The Week: Hormuz Strait: déjà vu all over again

Tensions in the Middle East have resumed, kicking off a long summer of financial market uncertainty. 


  • Donald Trump has declared the ceasefire with Iran “over” with attacks resuming on both sides
  • It is not clear whether the Strait of Hormuz is shut, and the oil price reflects the uncertainty
  • Bond markets have borne the brunt of the volatility

Here we go again. Anyone hoping for a lull in geopolitical noise over the summer months have been sorely disappointed as tensions between the US and Iran resumed. Donald Trump has declared the ceasefire “over” and attacks on Iranian assets have resumed, apparently in retaliation for Iranian strikes on ships in international waters. 

There is some debate on whether the Strait of Hormuz is open or closed. If the various Hormuz tracker sites are to be believed, traffic is still passing through, but oil market traders continue to sound an alarmist note. 
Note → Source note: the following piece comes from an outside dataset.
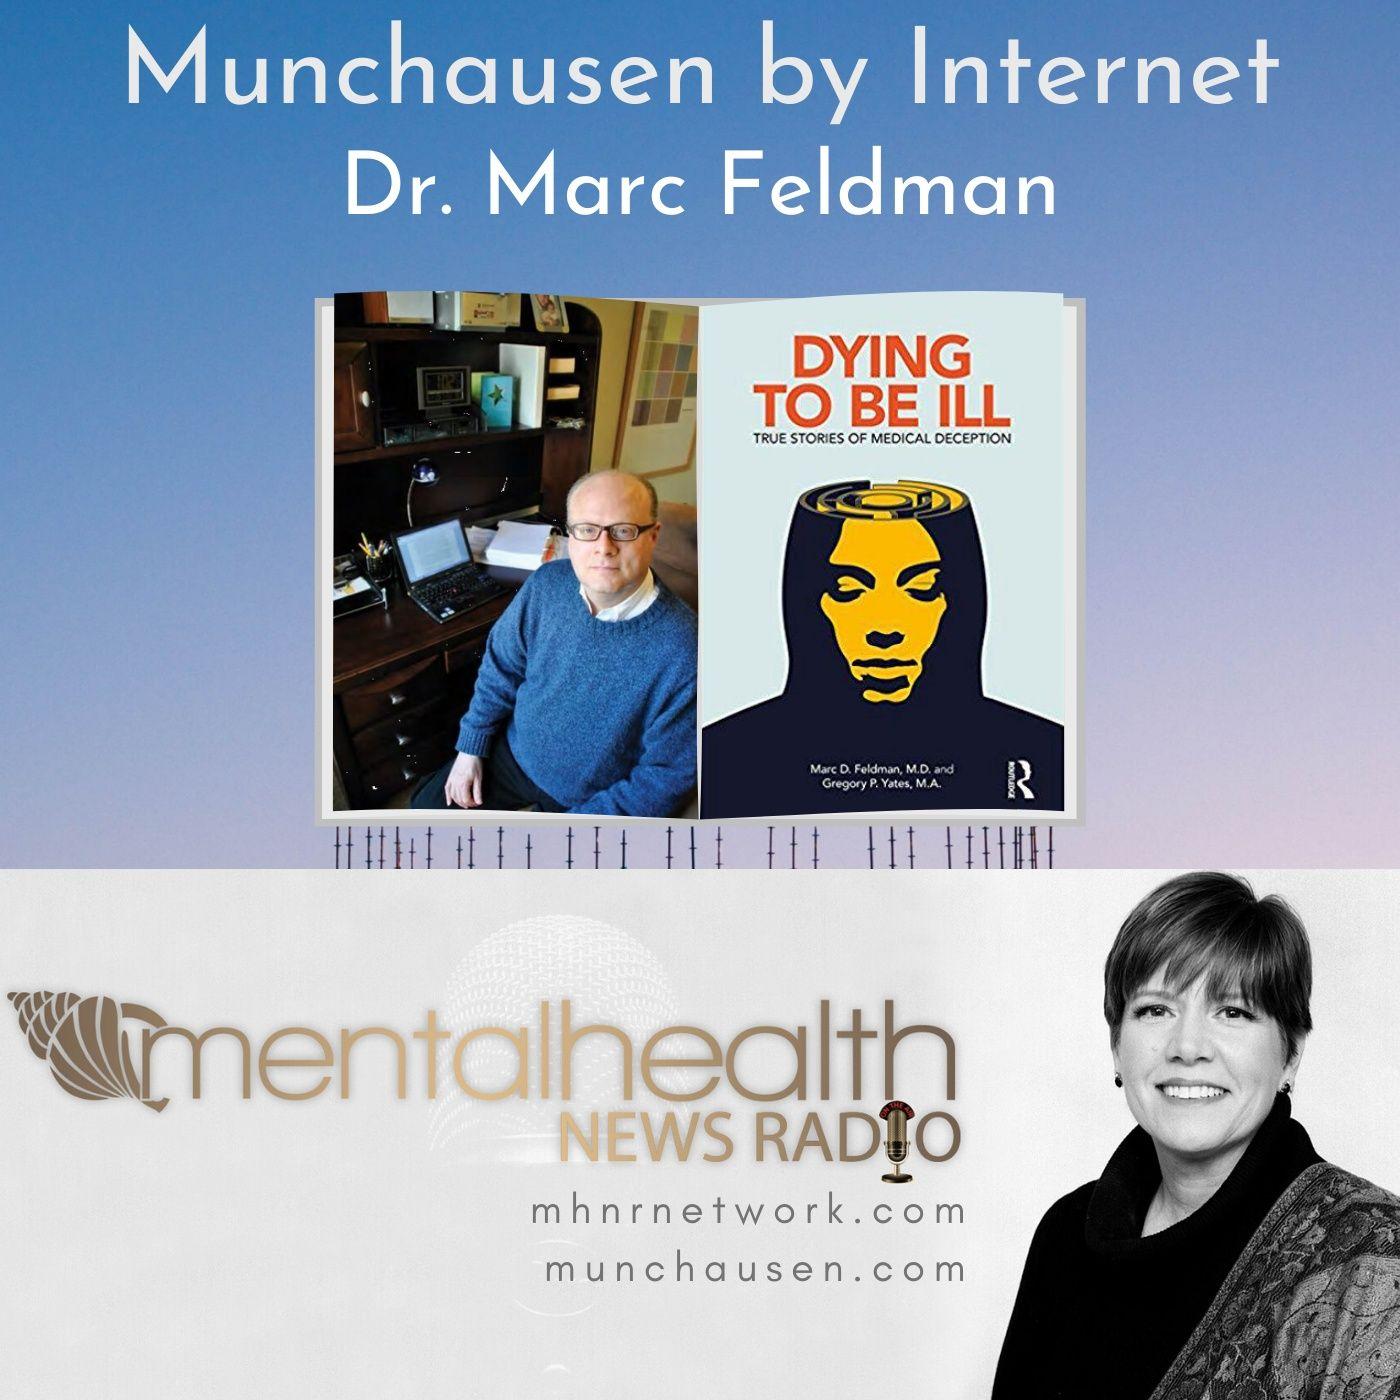 Mental Health News Radio - Munchausen by Internet with Dr. Marc Feldman

Anthony Willis, senior economist at Columbia Threadneedle Investments, says: “Over the weekend the Iranians said the Strait of Hormuz is closed once again. Conversely, the US said the waterway is open for international shipping to transit freely. But it depends on your appetite for risk on whether you want to leave the Gulf and sail through the Strait of Hormuz right now. Indeed, if we look at the memorandum of understanding signed in the middle of last month, that set out 30 days for shipping to return to normality, which would be the end of this week.”

The oil price reflects that uncertainty. It has risen around 10% to just under $80 a barrel. This is a long way from its highs during the peak of the crisis, when brent crude hit almost $110. There is no doubt that having the Strait open for the past few weeks has deferred the problem somewhat, but it remains volatile. 

The pattern for financial markets has been familiar. Stock markets have sold off a little, then decided that it doesn’t matter as much as they thought and they only really care about AI anyway. The S&P 500 is up around 1% over the week and 1.8% over the month. 

Bond markets remain the release valve for tensions over the Strait. The UK 10 year gilt spiked to over 5% this week, giving Andy Burnham’s incoming Chancellor an uncomfortable welcome. Willis says: “When we look at the eurozone, the Bank of England and for the US Federal Reserve, markets are now fully pricing a rate hike for all three of those by the end of October. And that really implies that inflationary expectations are going to be shifting as oil prices push higher once again.”

These rate rises do not look inevitable. The latest US inflation reading undershot for June. It wasn’t just lower energy costs driving the weakness, prices for shelter, goods and services also appeared under control. Once again, bond markets are fulfilling the ‘shoot first, ask questions later’ role traditionally adopted by stock markets.